YOUR GOAL
The needed output is the run of lines below from the one containing "Briggs & Stratton" through the one containing "Falling leaves blur", copied exactly and free of pictures.

====== THE DATA ======

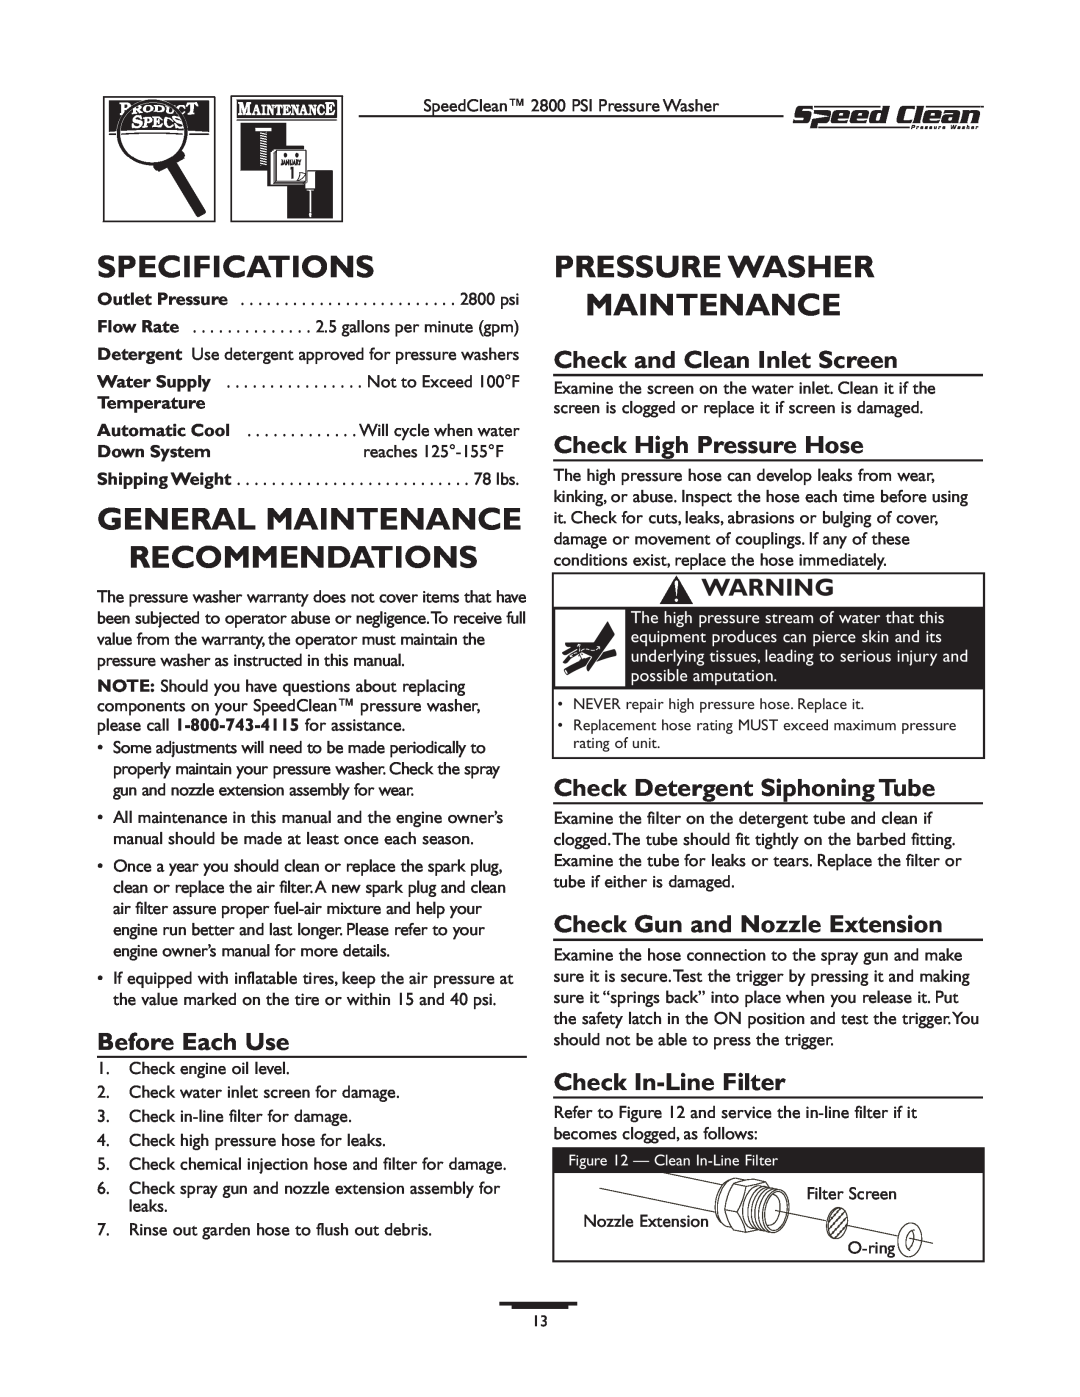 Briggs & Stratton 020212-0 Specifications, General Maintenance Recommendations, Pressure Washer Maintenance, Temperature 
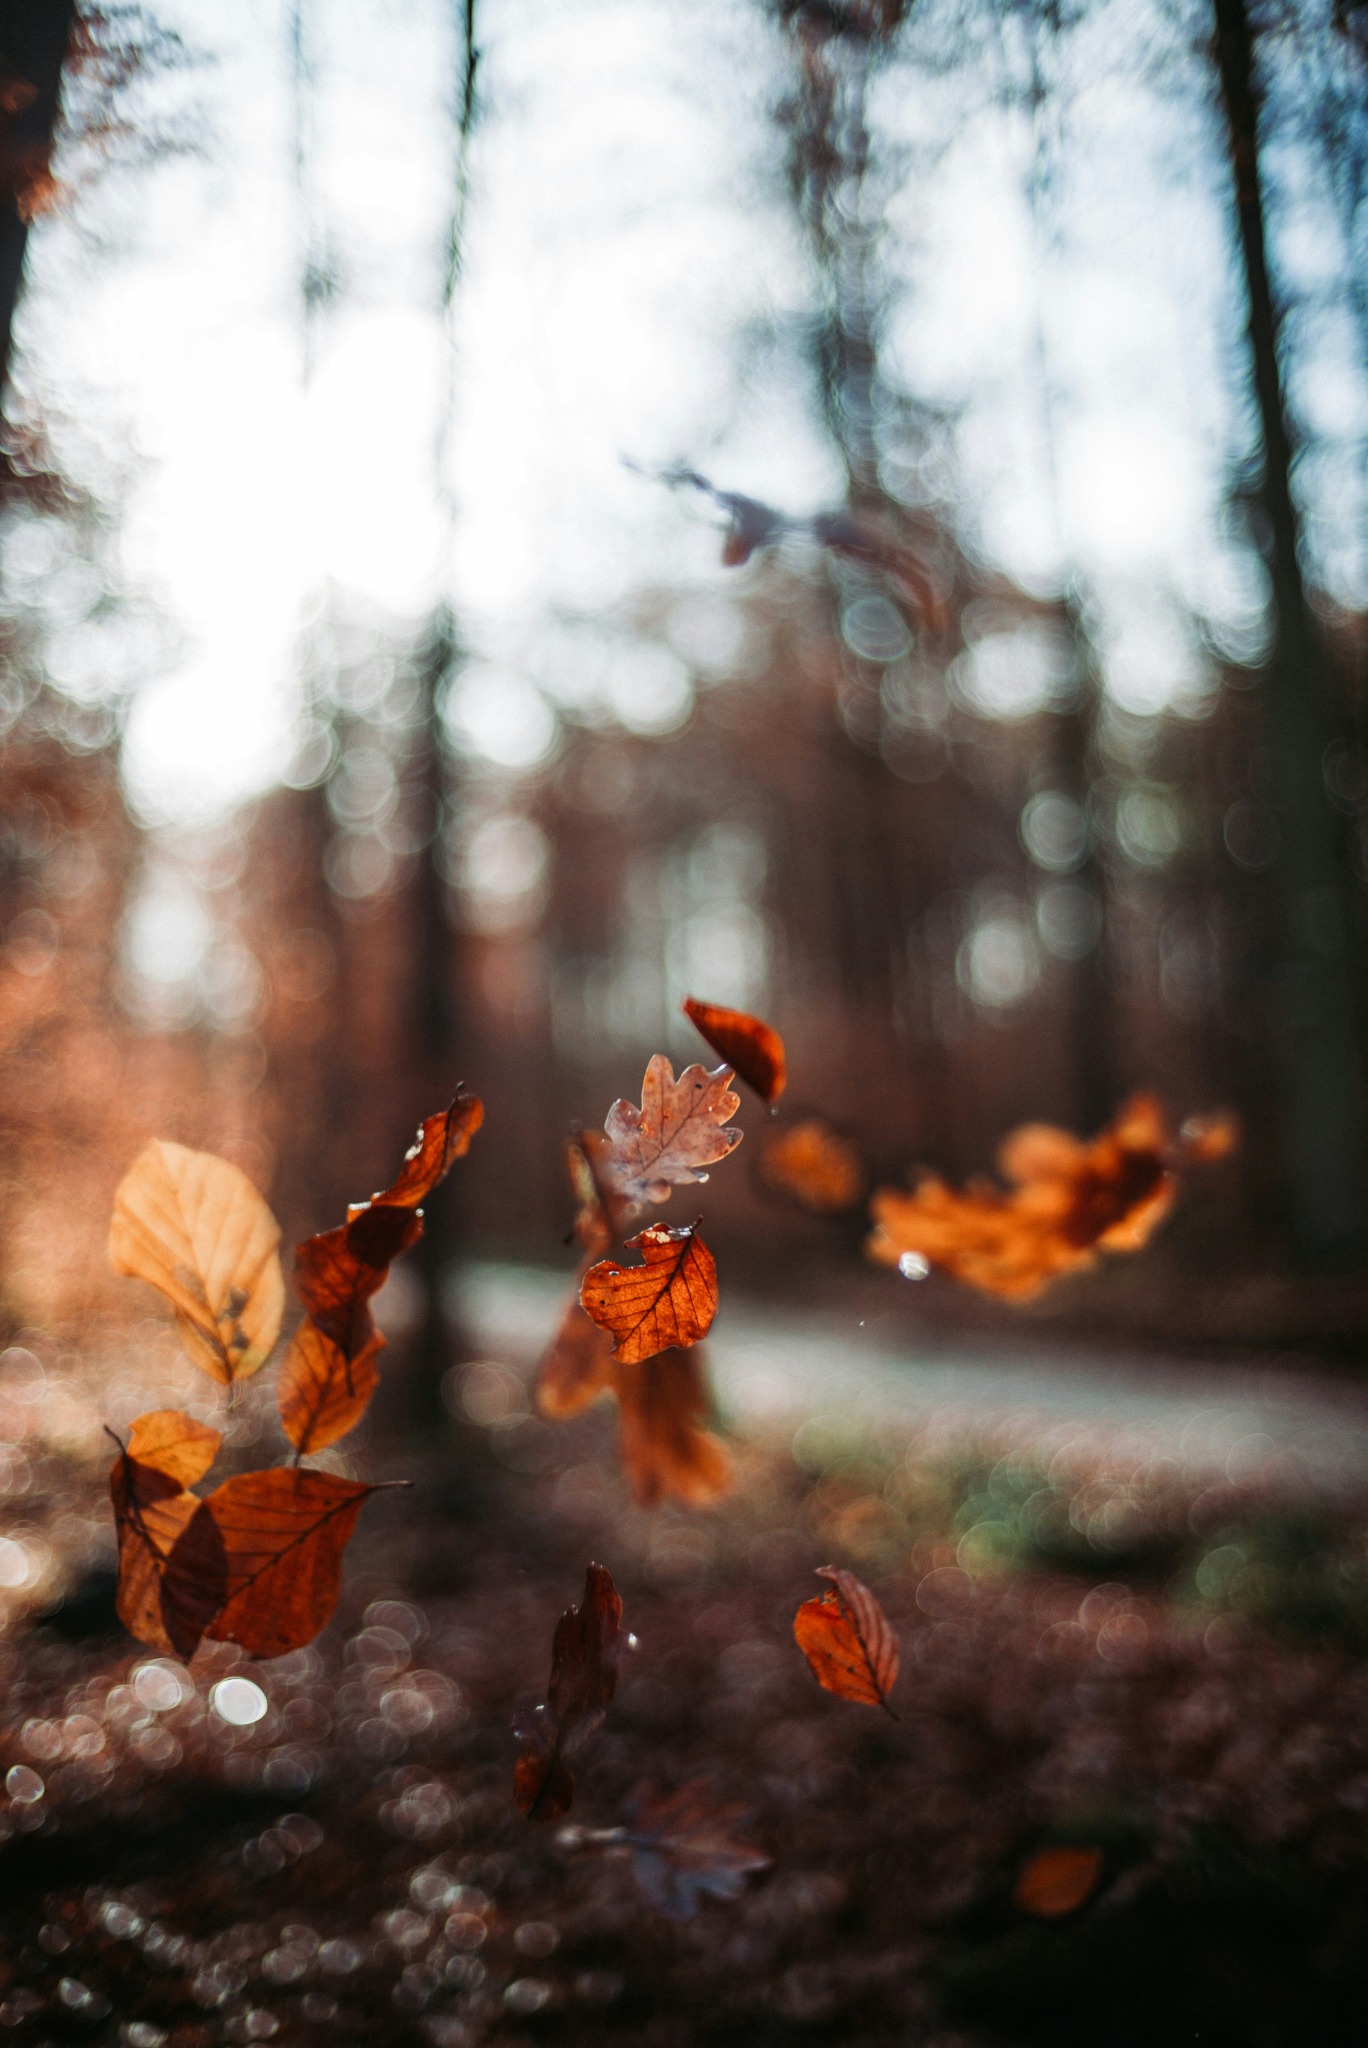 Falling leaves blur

======
====== THE DATA ======

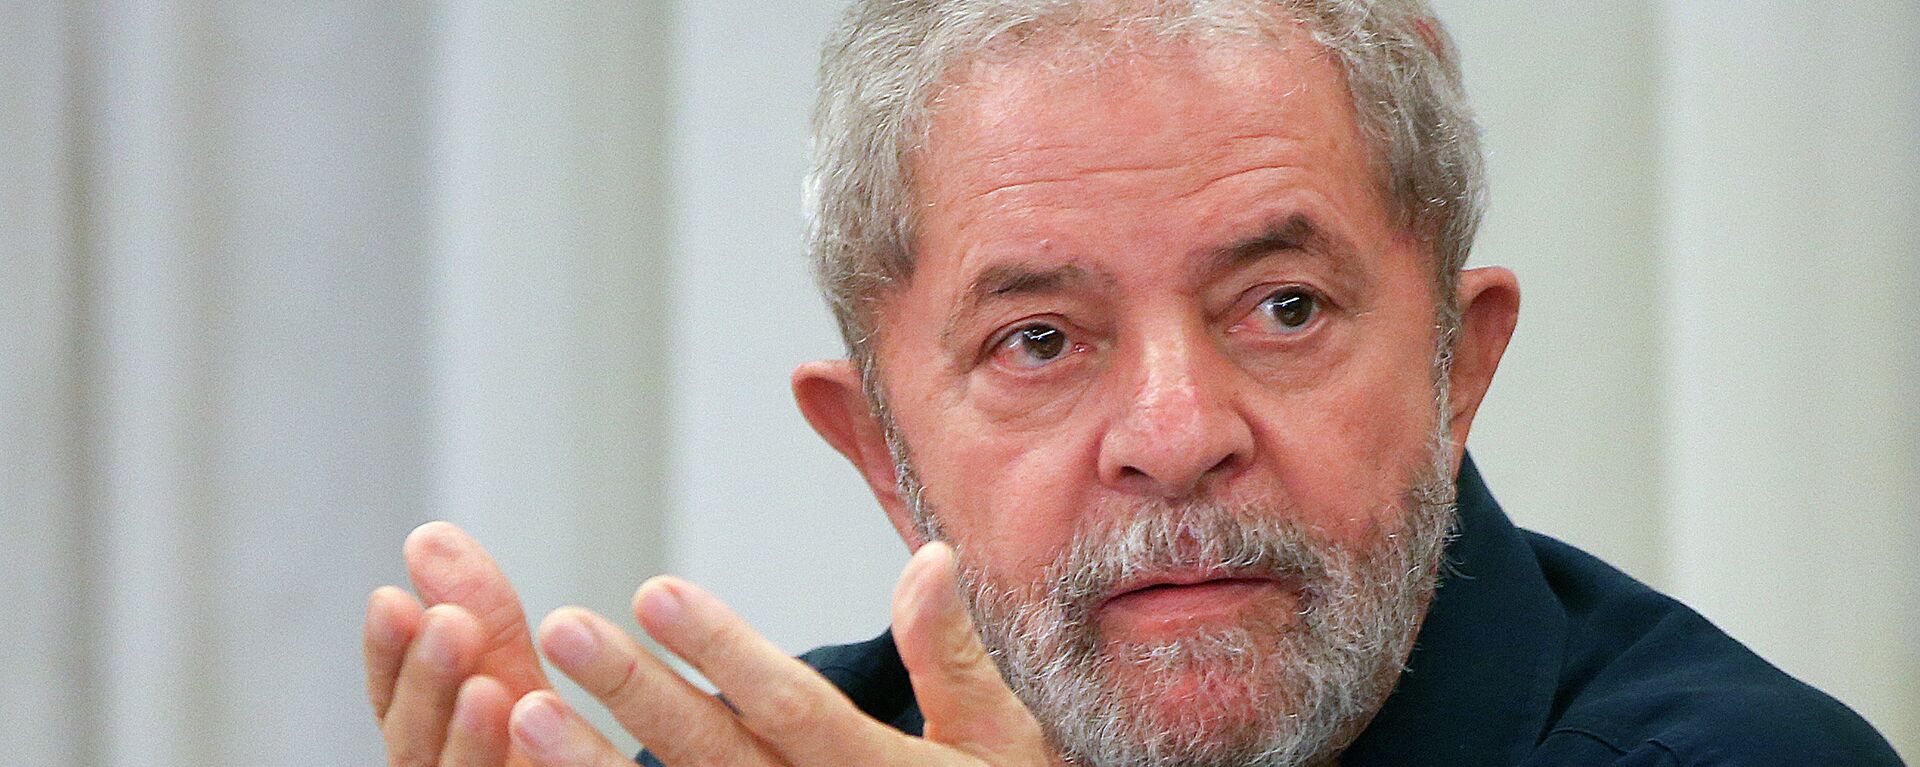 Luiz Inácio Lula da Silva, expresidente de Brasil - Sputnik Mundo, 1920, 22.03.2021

======

SOLUTION FOR THIS EXERCISE
 Briggs & Stratton 020212-0 Specifications, General Maintenance Recommendations, Pressure Washer Maintenance, Temperature 
 Falling leaves blur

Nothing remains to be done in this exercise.